The timeline is phased. Since 2 February 2025, systems posing an 'unacceptable risk' have been prohibited. Since 2 August 2025, General-Purpose AI (GPAI) models have been subject to their first set of obligations. The key milestone is 2 August 2026, when the entire regulation will become fully applicable, particularly with regard to high-risk AI.
How to interpret the risk of emotional inference according to the IA Act?
The AI Act (Art. 5) already prohibits these systems in education and the workplace, except for medical or safety reasons. Caution is advised for other sectors: the CNIL and the AI Office are currently defining the criteria for 'psychological harm' to prevent customer relationship tools from crossing into behavioural manipulation.
What is the role of the DPO in AI compliance?
The anticipated designation of the CNIL as the sole oversight authority for AI in France further emphasises the pivotal role of the DPO. As an accountability expert, the DPO ensures the stability and legal sustainability of AI projects by orchestrating global compliance.

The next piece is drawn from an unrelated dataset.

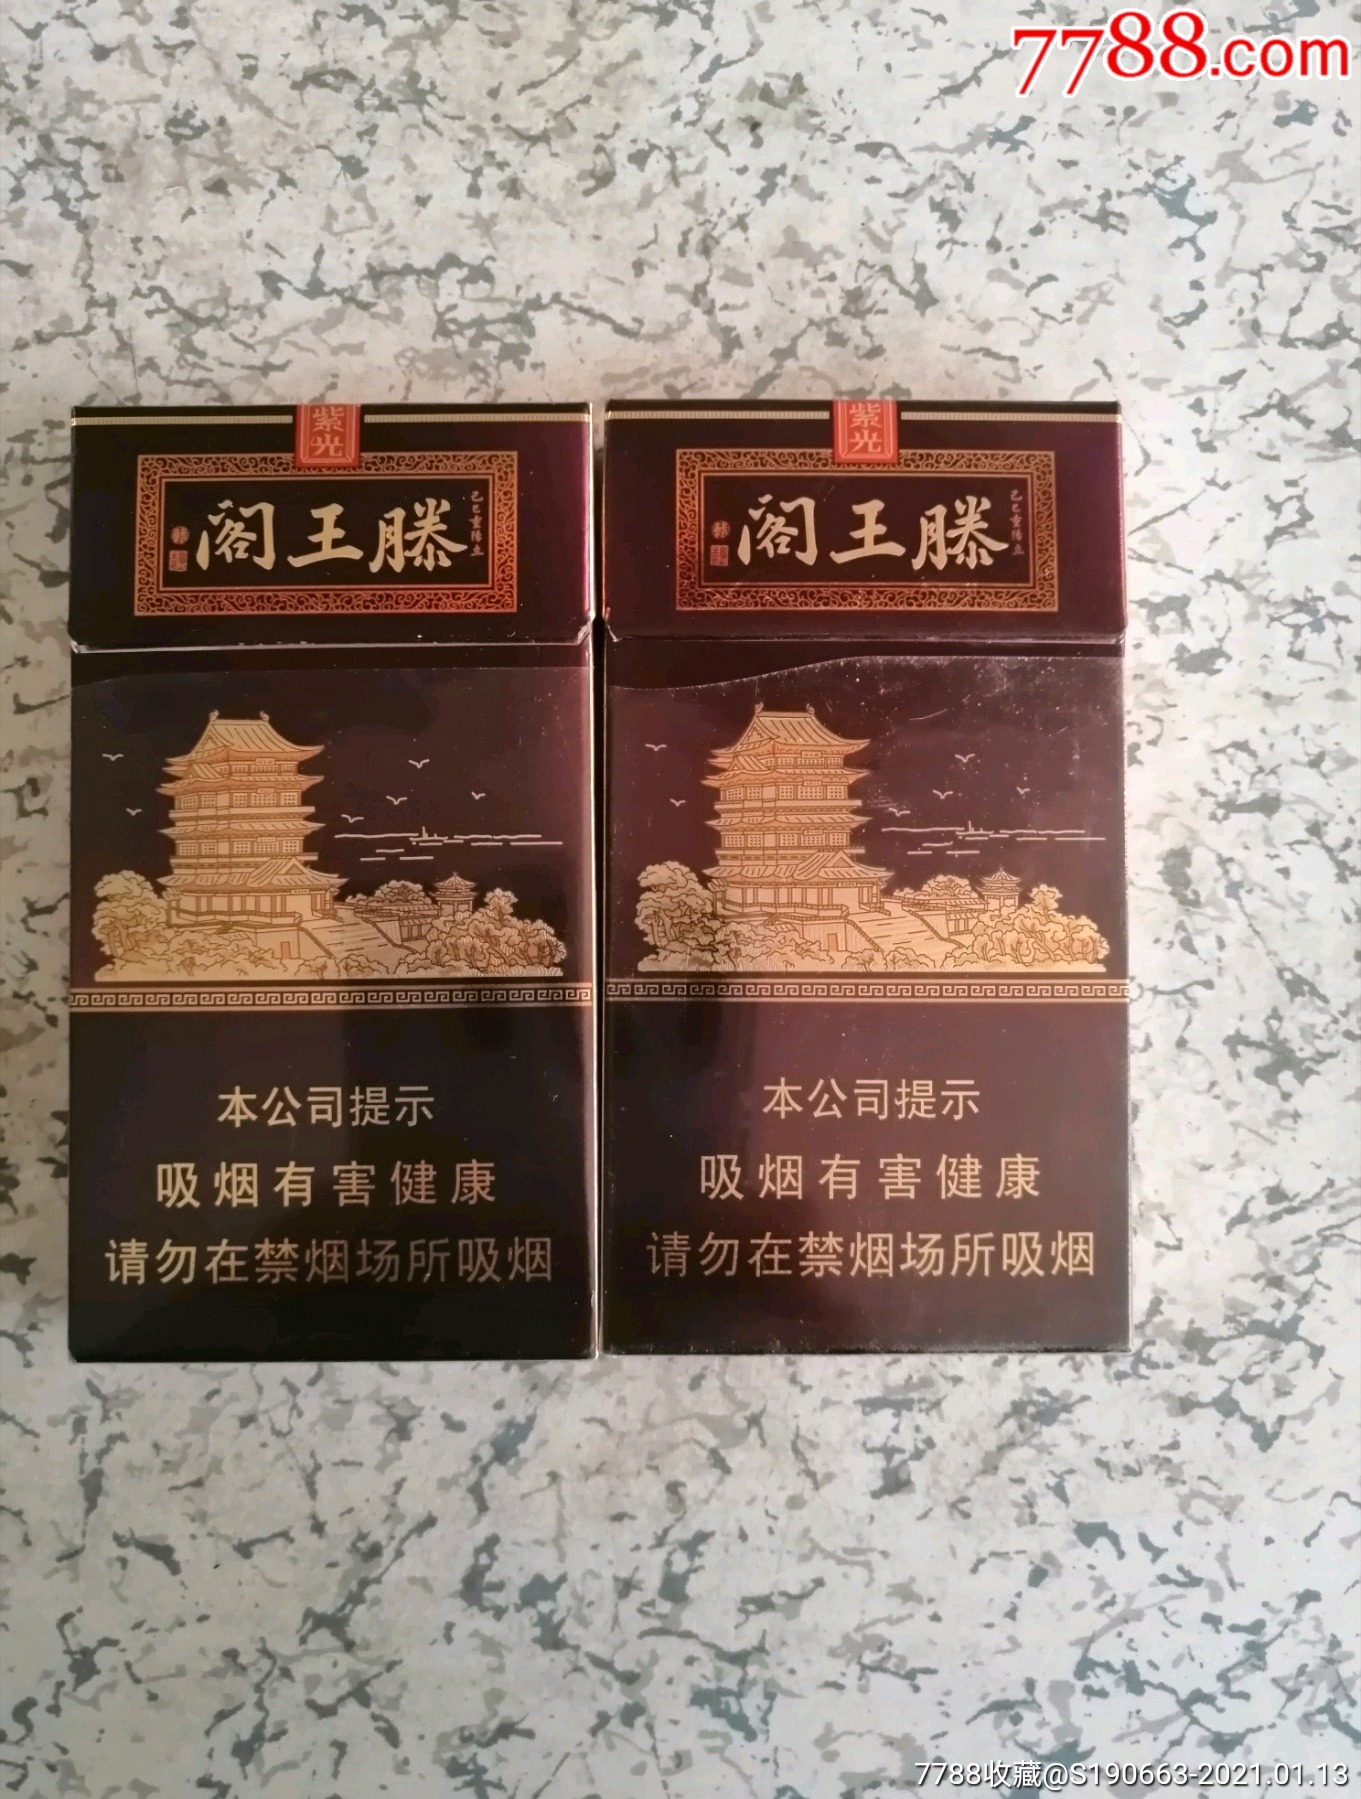 滕王阁香烟紫光价格图片

Why is digital sovereignty a cybersecurity imperative?
Security is not only technical, but also legal. Extraterritorial laws, such as the Cloud Act, allow foreign authorities to demand access to data stored by providers under their jurisdiction, including on European servers. Sovereignty ensures that your information system remains under the exclusive control of European and French law, neutralising any risk of legalised economic espionage.